1. 데이터 구조 선택에 있어서 고려할 것들.
- 데이터 간의 순서관계가 유의미한가? Hash table과 Dynamic Array
- 데이터 간의 대소관계가 유의미한가? Sorting으로 자원 절약이 가능한지
- 메모리 inplace로 구현해야하는가? Dynamic Programming 혹은 Stack과 Queue 구조를 사용하면 좋을지
- 데이터의 조회가 주목적인가, 데이터의 보관이 주목적인가? Hashtable/Dynamic Array 혹은 Stack/Queue
- 데이터 의미 단위가 전체 데이터의 맥락과 별개로, 개별 데이터에 있는가 혹은 전체 데이터 맥락을 고려해야하는가? Hashtable/Dynamic Array 혹은 Stack/Queue
2. 사용시의 장점과 단점
3. 실제 활용되는 분야
4. 응용 : 프로그래밍 언어(파이썬/C)에서 실제 구현은 어떻게 되어있는지? 그 이유는?

Data Structure, 자료구조

Array, Dynamic Array, Direct Access Array
Sorted Array
Hash table
Linked list
Stack and Queue, Priority Queue
AVL, Heap

Interface(ADT/API) VS Data Structure

A data structure : is a way to store a non-constant amount of data, supporting a set of operations to interact with that data.

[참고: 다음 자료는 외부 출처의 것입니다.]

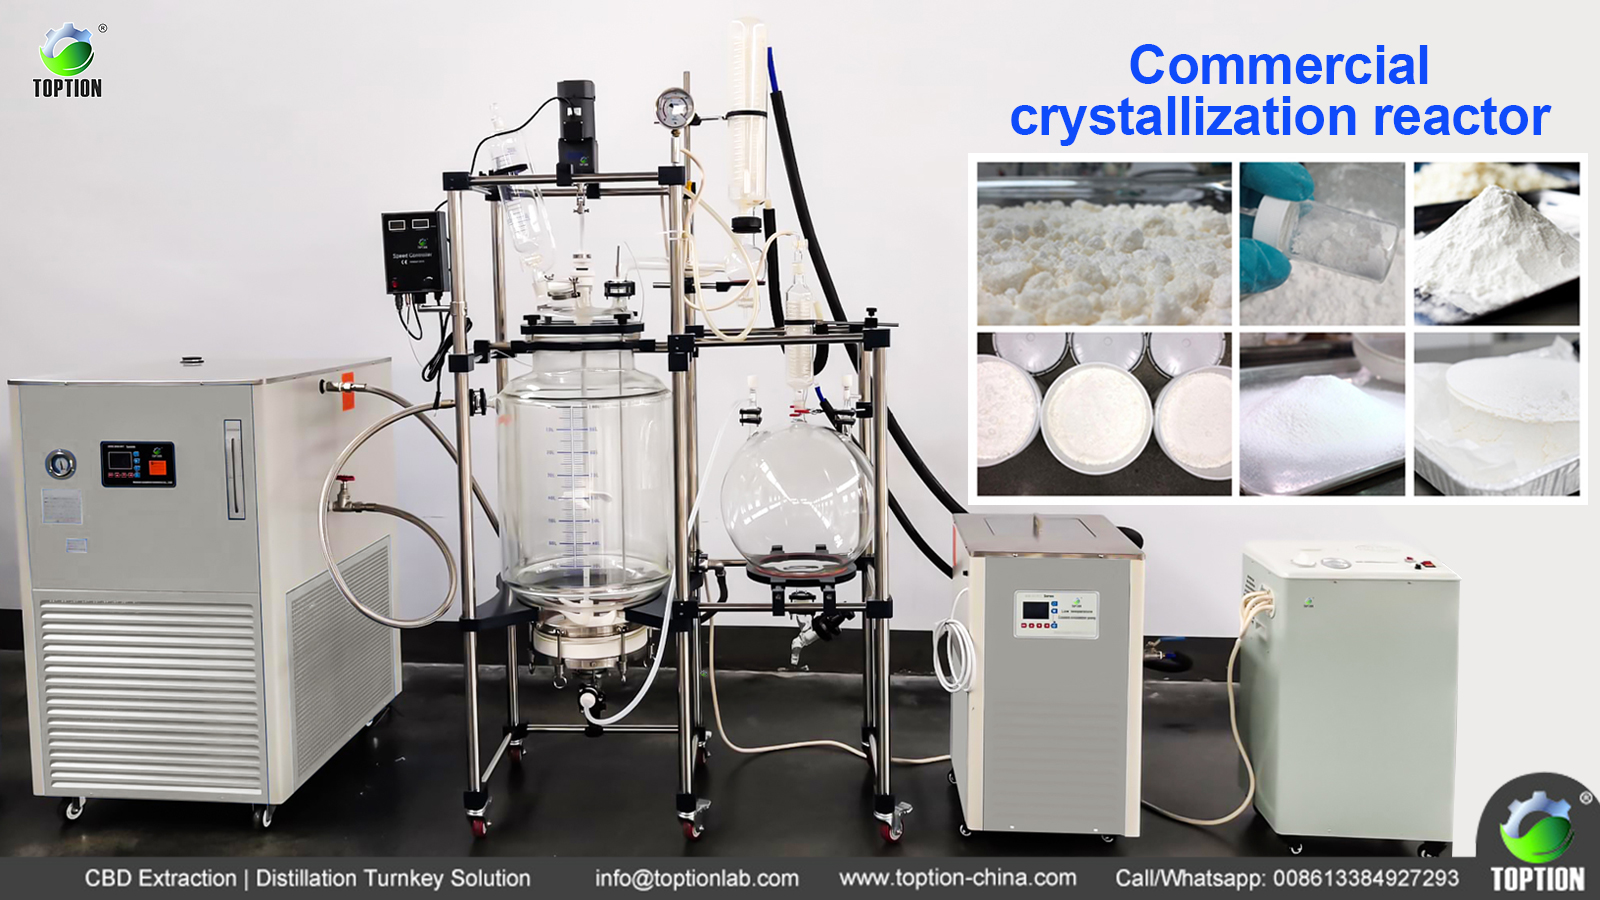 Crystallization reactor;

The set of operations supported by a data structure is called an interface.
Interface 라는 요구사항/규약이, 구체적인 구현으로 달성된 상태를 ADT라고 한다.
Interface
- 공학적의미 : In theory, the set of all signatures (parameter and return value) defined by an object's operations is called the interface to the object.
- 일반적의미 : It serves as a contract specifying the methods, properties, and behaviors that a class, module, or component should provide, without specifying how these details are implemented.
  - When a company or website publicizes an interface, it typically means they are providing documentation and information about the methods, functions, or services that external developers or systems can use to interact with their platform or services. (User Interface)

Sequence Interface

a collection of items in an extrinsic order, where each item stored has a rank in the sequence
Sequence Operation Contract : Insert_at, Get_at, Set_at, Delete_at
Sequence ADT Example : Array and Dynamic Array : Linked list
Sequence 자료구조 특이성; Zero indexing, Not Including Last
- 해당 내용에 대해서 Dijkstra의 논증 https://www.cs.utexas.edu/users/EWD/ewd08xx/EWD831.PDF

1. Why Index Start from Zero?
- 이는 컴퓨터가 Offset방식을 사용하여 데이터의 위치를 파악하기 때문이다. 바꿔말하면, RAM에서 데이터의 구역분배는 절대적배치가 아니기에, 특정 데이터 탐색은 데이터 구역 시작점으로부터 상대적 위치(몇칸을 평행이동 시킬지)로 파악하기 때문.
- arr[i] is interpreted as *(arr + i). arr is the address of the array or address of 0th index element of the array. arr + i mean the address at i distance away from the starting element of the array.
2. Index exclude last address?
- a=<x<b 방식은 두가지 이점이 있는데 1. 시작지점인 a를 포함하여 표현하고 있음. 2. b-a로 array length를 바로 구할 수 있어, 평행이동이 필요한 횟수가 바로 계산됨. 반면, a=<x=<b-1의 경우 a~b-1까지라는 개념은 인간관점에선 직관적이지만, 컴퓨터 관점에서는 ((b-a-1)+1)이라는 +1이라는 부가적인 연산을 통해 인식할 수 있음
결론 : It is more about convention and common heritage (such as languages influenced by C) to increase efficiency when there was limited computer resource.

배열

특 : 각 데이터를 인덱스와 1:1 대응하도록 구성되며 데이터가 메모리 상에 연속적으로 저장됨.
장 : Direct Access Arrays구조를 가지고 있어 인덱스를 이용하여 데이터에 빠르게 접근 가능. 메모리에 배치된 데이터의 초기 index에서 찾고자하는 index만큼의 변위를 추가하여 탐색하면 빠르게 탐색가능 O(1)
단 : 데이터의 추가/삭제가 번거로운 편.
- 최초 생성시 길이를 정해서 생성함. 만약, 용량이상으로 새로운 데이터를 추가할 때, 다른 메모리 영역에 배열을 새로 생성하여 복사 진행. 단, 최대길이는 넉넉하게 생성하기때문에 tail에 데이터 추가/삭제로 인하여 자주 변하지는 않음. armortized O(1)
- 배열의 중간의 데이터를 삽인,삭제할시 그 뒤의 데이터를 모두 평행시켜야함. O(n)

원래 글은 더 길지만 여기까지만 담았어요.